Regular verbs cannot occur as lexical stems in light-verb constructions, in the Grambank definition. This makes light verb constructions different from serial verb constructions and verbal compounding, which involve a sequence of more than one verb. Another difference is that there is a predicate-argument relationship between the light verb and the other lexical stem (e.g. in do baby, baby is the object of do), while in serial verb constructions the verbs do not have a predicate-argument relationship between them since they instead describe a sequence of events.

Procedure

  1. Code 1 if verbs with a general meaning may combine with a non-verbal element to produce new verbal predicates. If this is not explicitly mentioned in the grammar's chapter on verbs, check example sentences or word lists.
  2. Code 0 if you do not find examples of new verbal predicates formed by a combination of a verb and a non-verbal element, or if all of these instances can be analyzed as serial verb constructions or verbal compounds.

Examples

Korafe-Yegha (ISO 639-3: kpr, Glottolog: kora1294)

In Korafe-Yegha, nouns frequently combine with a generic verb to form new predicates. The generic verbs include meanings such as ‘do’, ‘say’, ‘see’, ‘hit’, ‘spear’, ‘do again’, ‘hold’, ‘get’ (Farr 1999: 63–66). Korafe-Yegha is coded 1.

boare de        tattoo hit            ‘tattoo (someone)’
ambe de         sago hit              ‘process sago’
jinogu tam bu   swoon find            ‘swoon’
ata gae         foot spear            ‘spear/sting foot’
bairobo bu      choice of catch get   ‘get first pick of catch’
buri dighi      tether tie            ‘tether’
uvu mindi       liquid consume        ‘drink’
oka bambu       fish get              ‘catch fish’

Mandarin Chinese (ISO 693-3: cmn, Glottolog: mand1415)

Butt (2003: 9–10) describes one construction in Mandarin as a light verb which, however, is not a light verb construction by the definition in Grambank. It would instead be counted as an example of verb compounding ("lexicalized, often non-compositional, constructions which combine two or more verb stems" according to GB122). Languages where the only examples of potential light verb constructions are of this kind should be coded 0.

关掉 
guān  diào
close fall
‘to switch off (a light)’ (Butt 2003: 10)

关上
guān  shàng
close ascend
‘to close (a door)’ (Butt 2003: 10)

Further reading

Anderson, Gregory D. 2011. Auxiliary verb constructions (and other complex predicate types): A functional–constructional overview. Language and Linguistics Compass 5. 795–828.

Butt, Miriam. 2003. The light verb jungle: Still hacking away. Harvard Working Papers in Linguistics 9. 1–49.

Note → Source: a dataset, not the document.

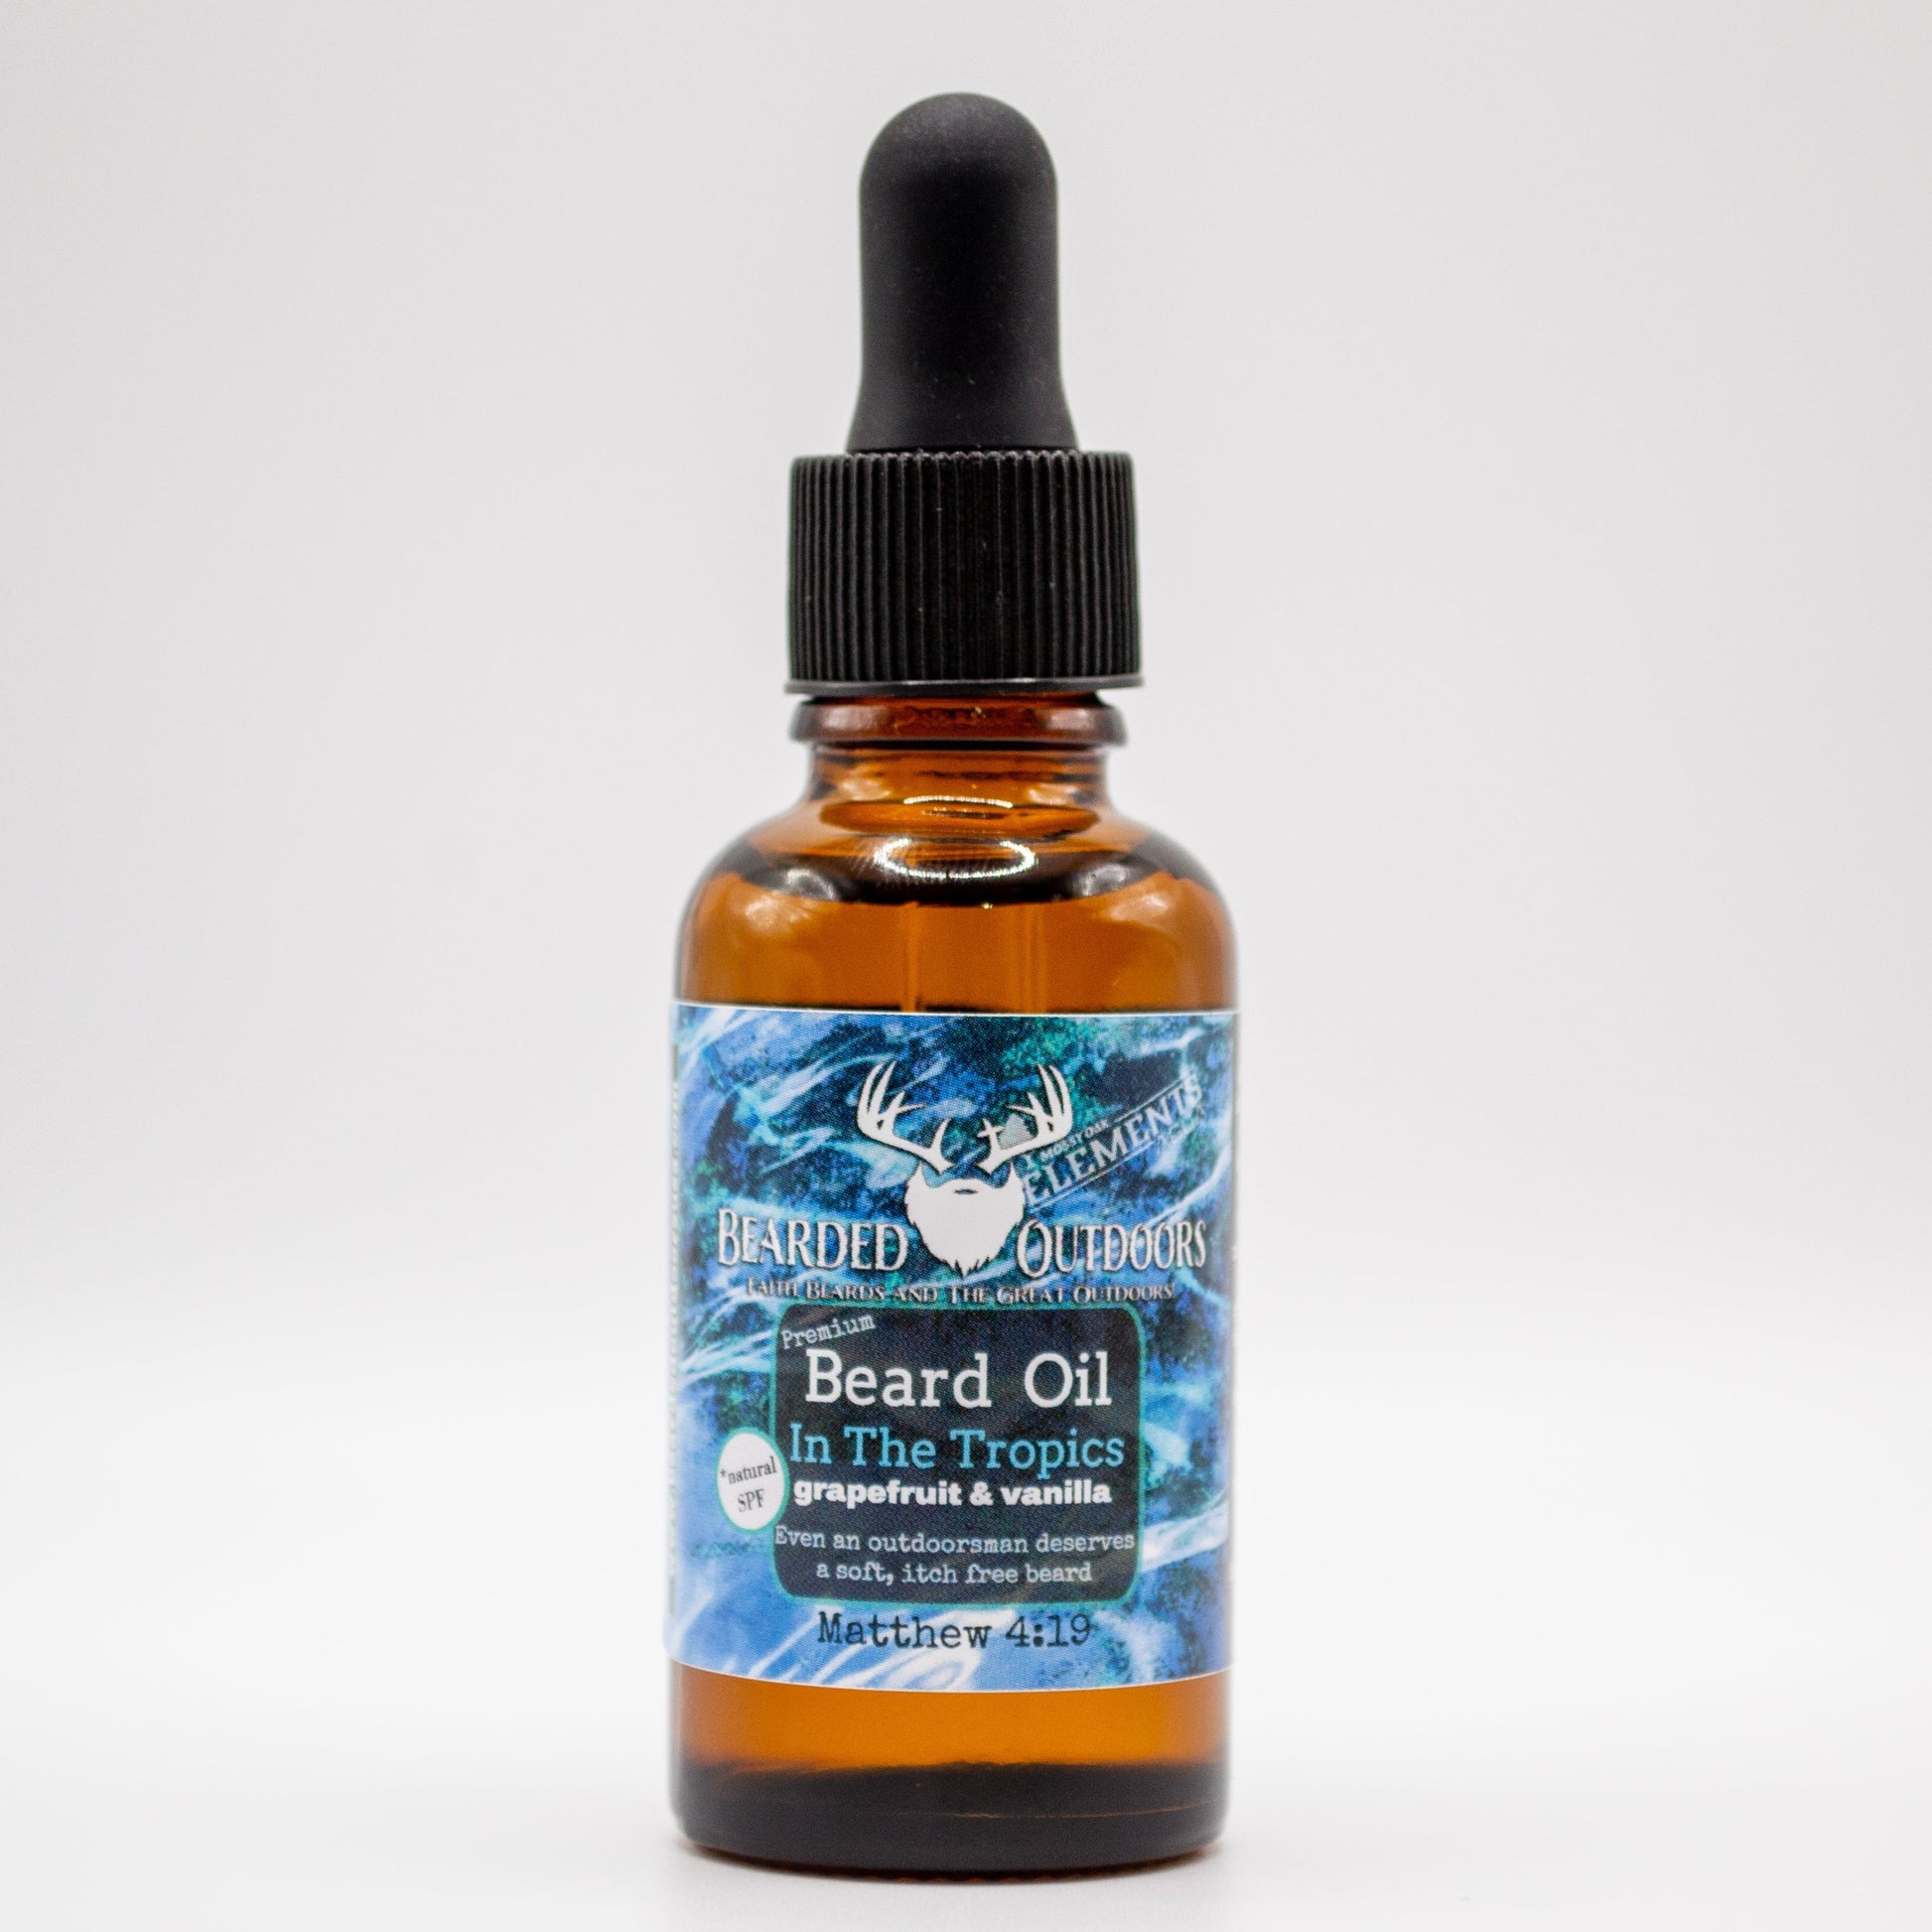 Mossy Oak In The Tropics (grapefruit and vanilla) Premium Beard Oil wrapped in Elements Camo with natural SPF by Bearded Outdoors

Seiss, Melanie. 2009. On the difference between auxiliaries, serial verbs and light verbs. In Miriam Butt & Tracy Holloway King (eds), Proceedings of the LFG09 Conference, 501–519. Stanford, CA: CSLI Publications.

References

Anderson, Gregory D. 2011. Auxiliary verb constructions (and other complex predicate types): A functional-constructional overview. Language and Linguistics Compass 5. 795–828.

Butt, Miriam. 2003. The light verb jungle. Harvard Working Papers in Linguistics 9. 1–49.

Farr, Cynthia J. M. 1999. The interface between syntax and discourse in Korafe: A Papuan language of Papua New Guinea. (Pacific Linguistics: Series C, 148.) Canberra: Research School of Pacific and Asian Studies, Australian National University.